== Supplied data ==

====================

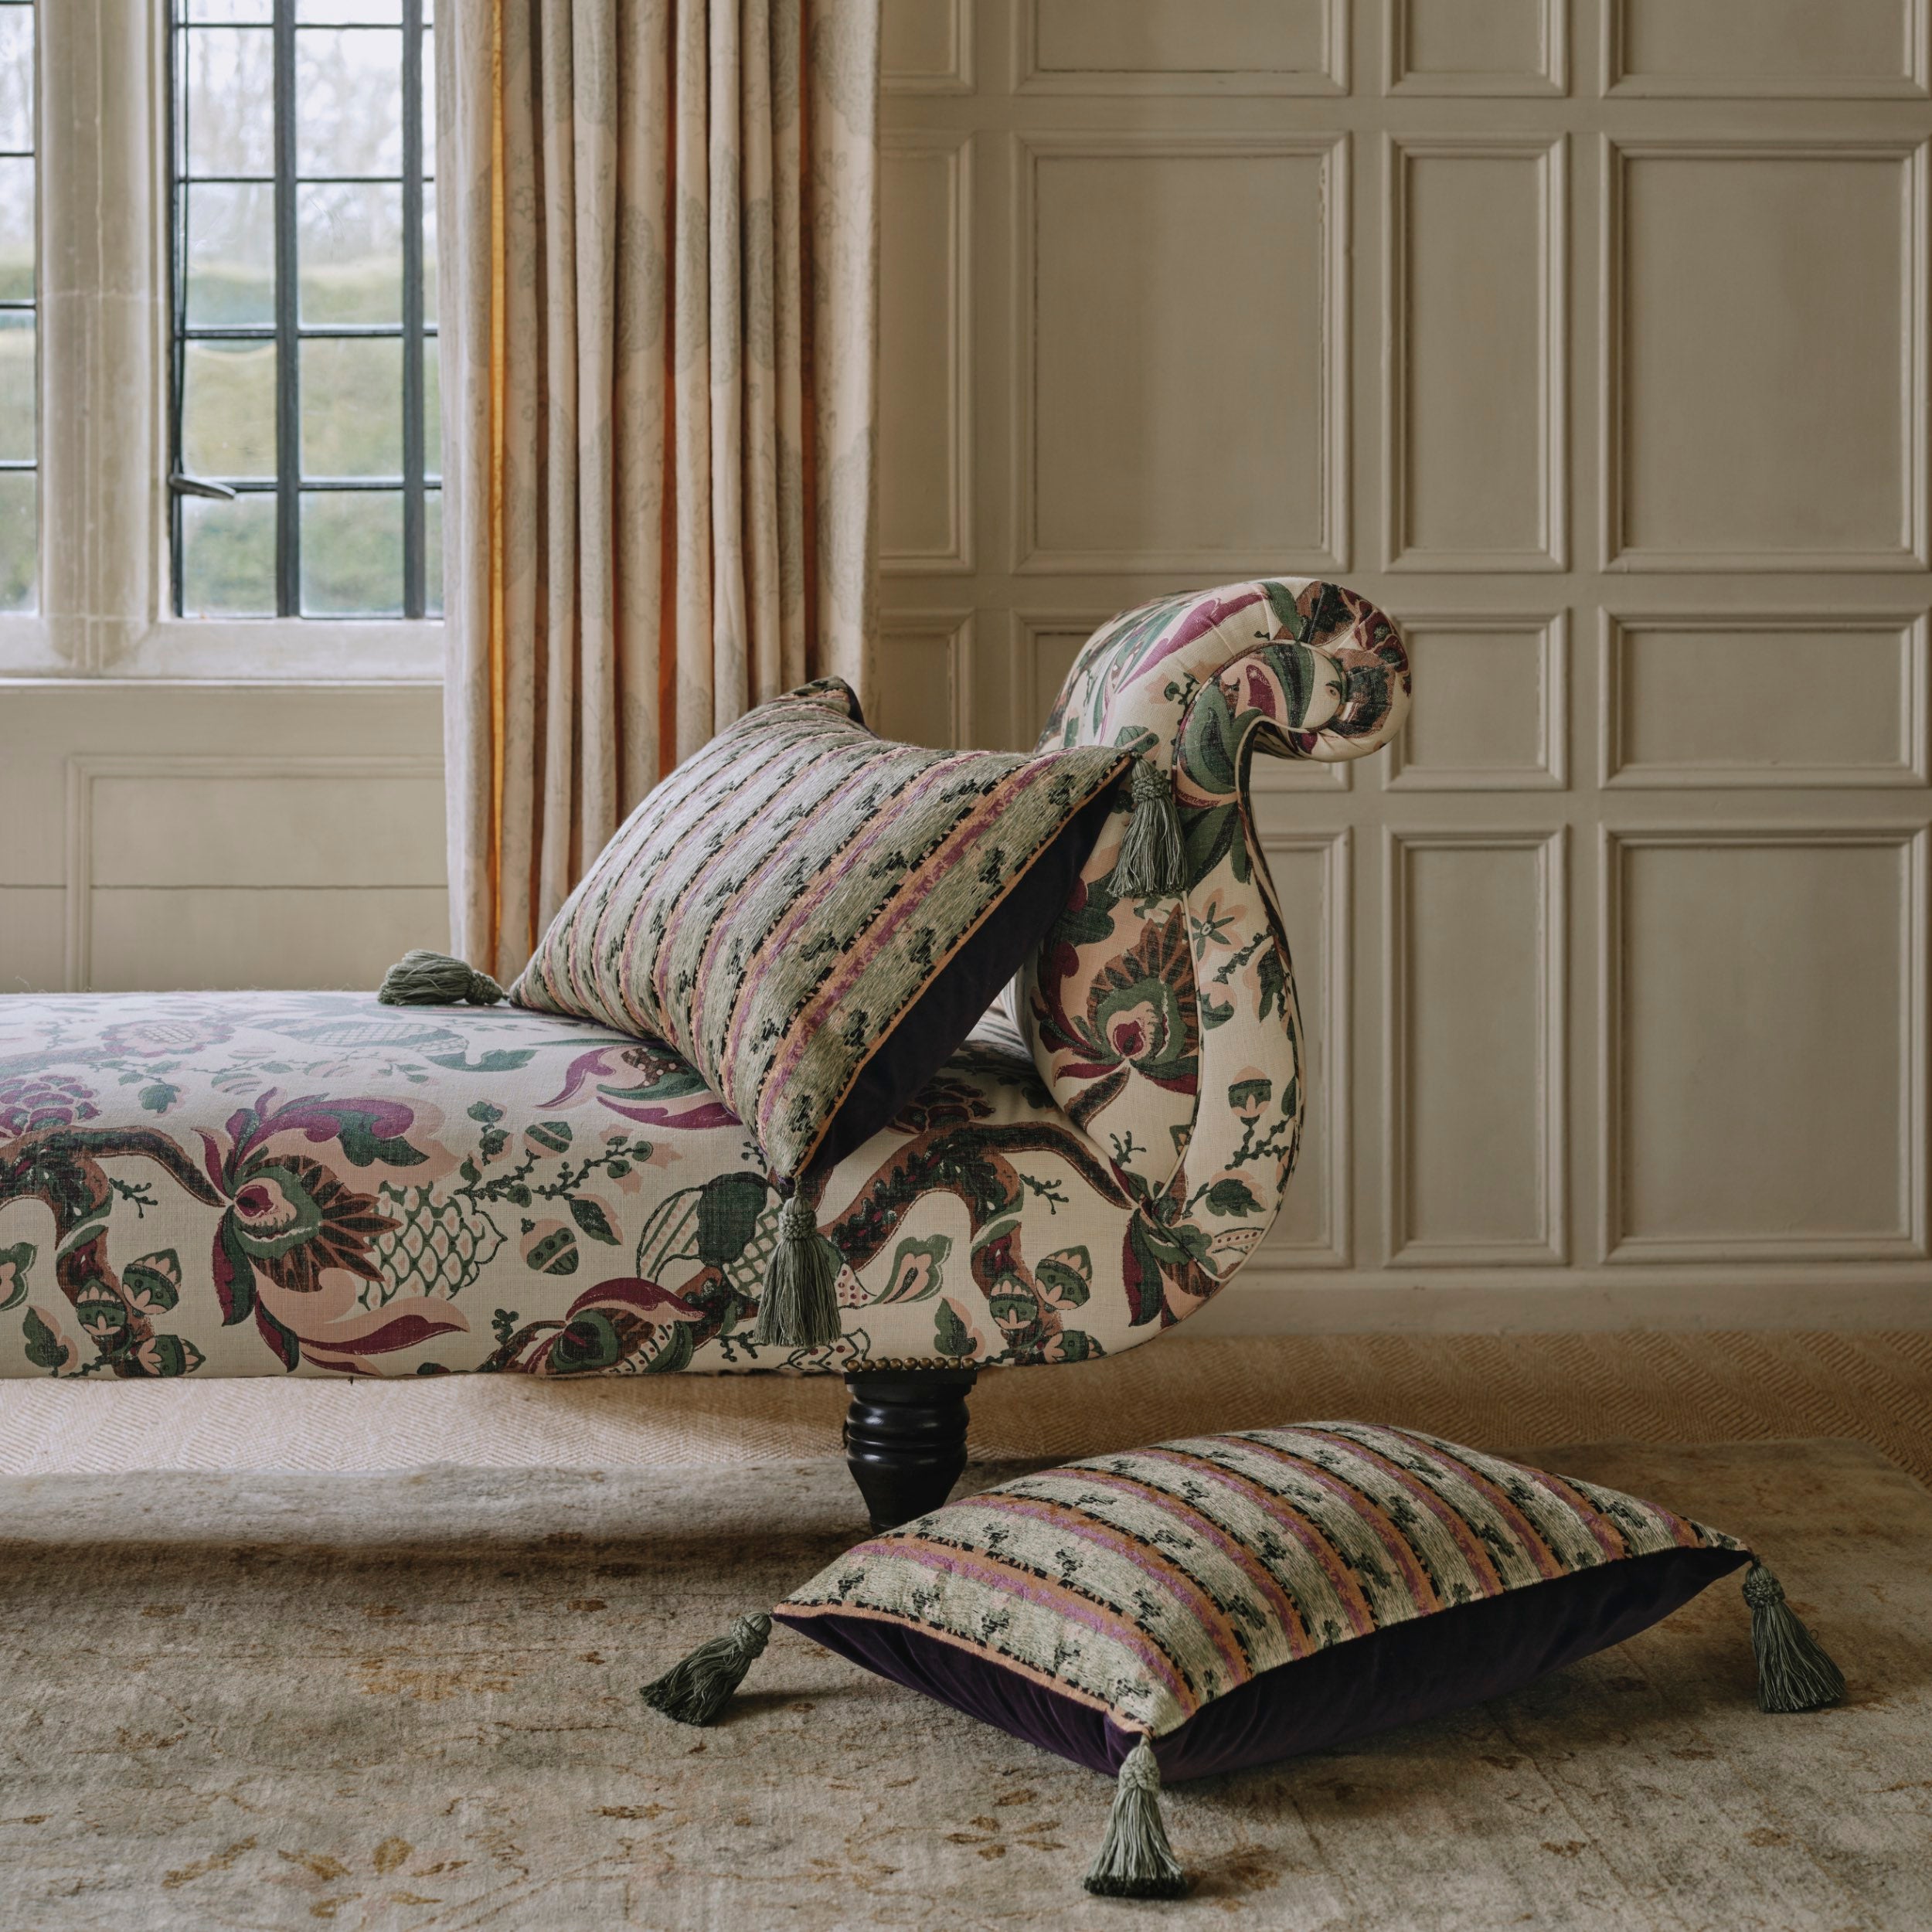 An Early Victorian Chatsworth Chaise Longue in Flora Soames Cornucopia Pair Available
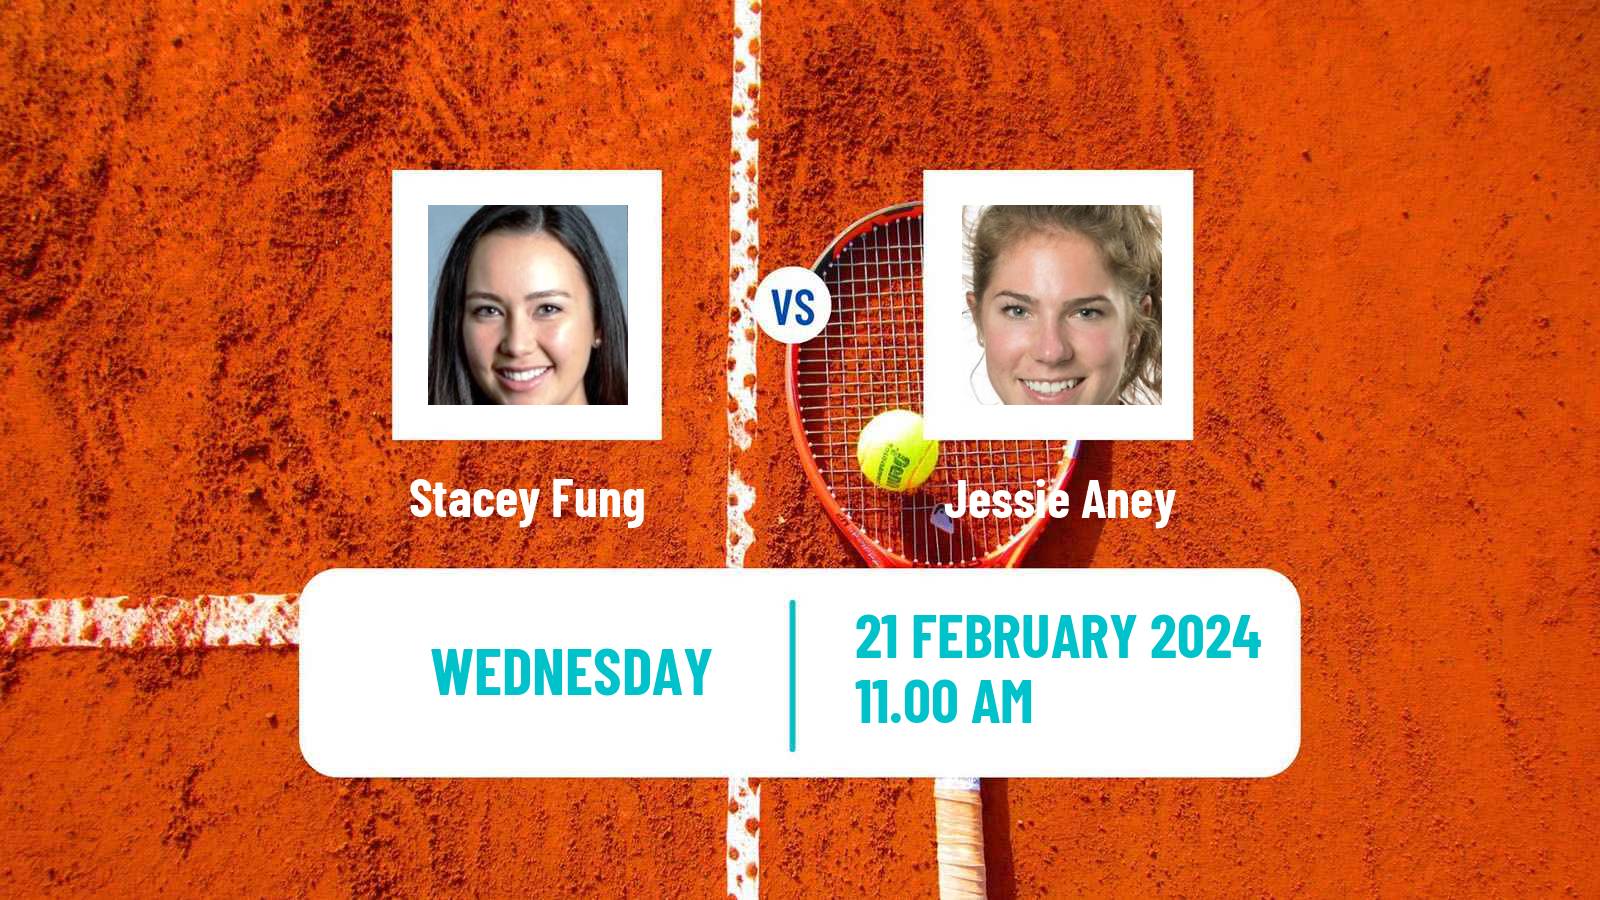 Tennis ITF W50 Mexico City Women Stacey Fung - Jessie Aney
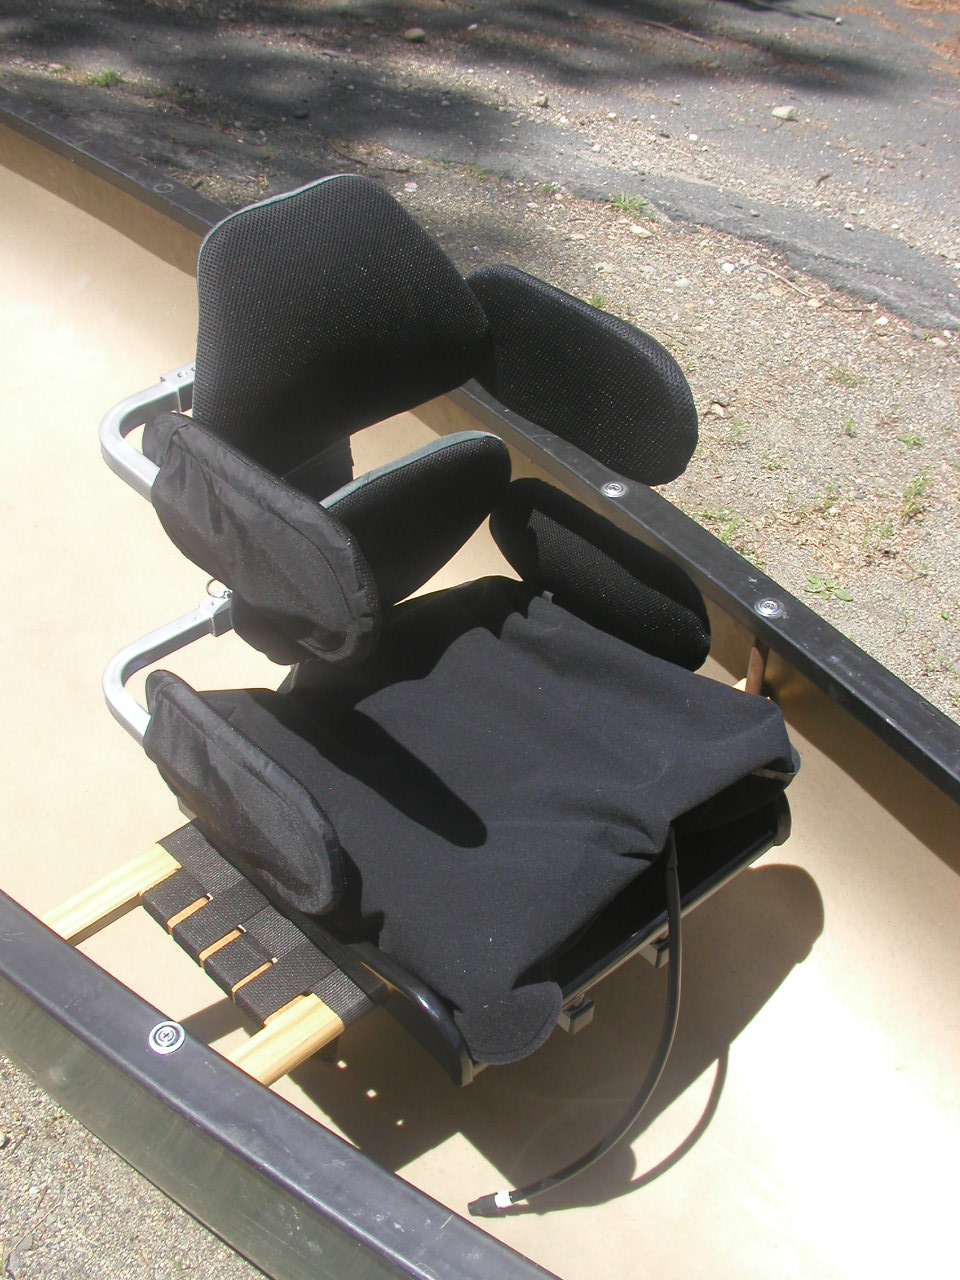 A seat mounted in a canoe. The seat has a trapezoidal pad at the lower back and another at upper back height. Two lateral support pads are located at the same height as each of the back pads, with four side pads total. There is a cushion in the bottom of the seat.

====================

== Your assignment ==
Only the pictures in the listing above get left out; print everything else exactly.

== Written answer ==
 An Early Victorian Chatsworth Chaise Longue in Flora Soames Cornucopia Pair Available
 Tennis ITF W50 Mexico City Women Stacey Fung - Jessie Aney
 A seat mounted in a canoe. The seat has a trapezoidal pad at the lower back and another at upper back height. Two lateral support pads are located at the same height as each of the back pads, with four side pads total. There is a cushion in the bottom of the seat.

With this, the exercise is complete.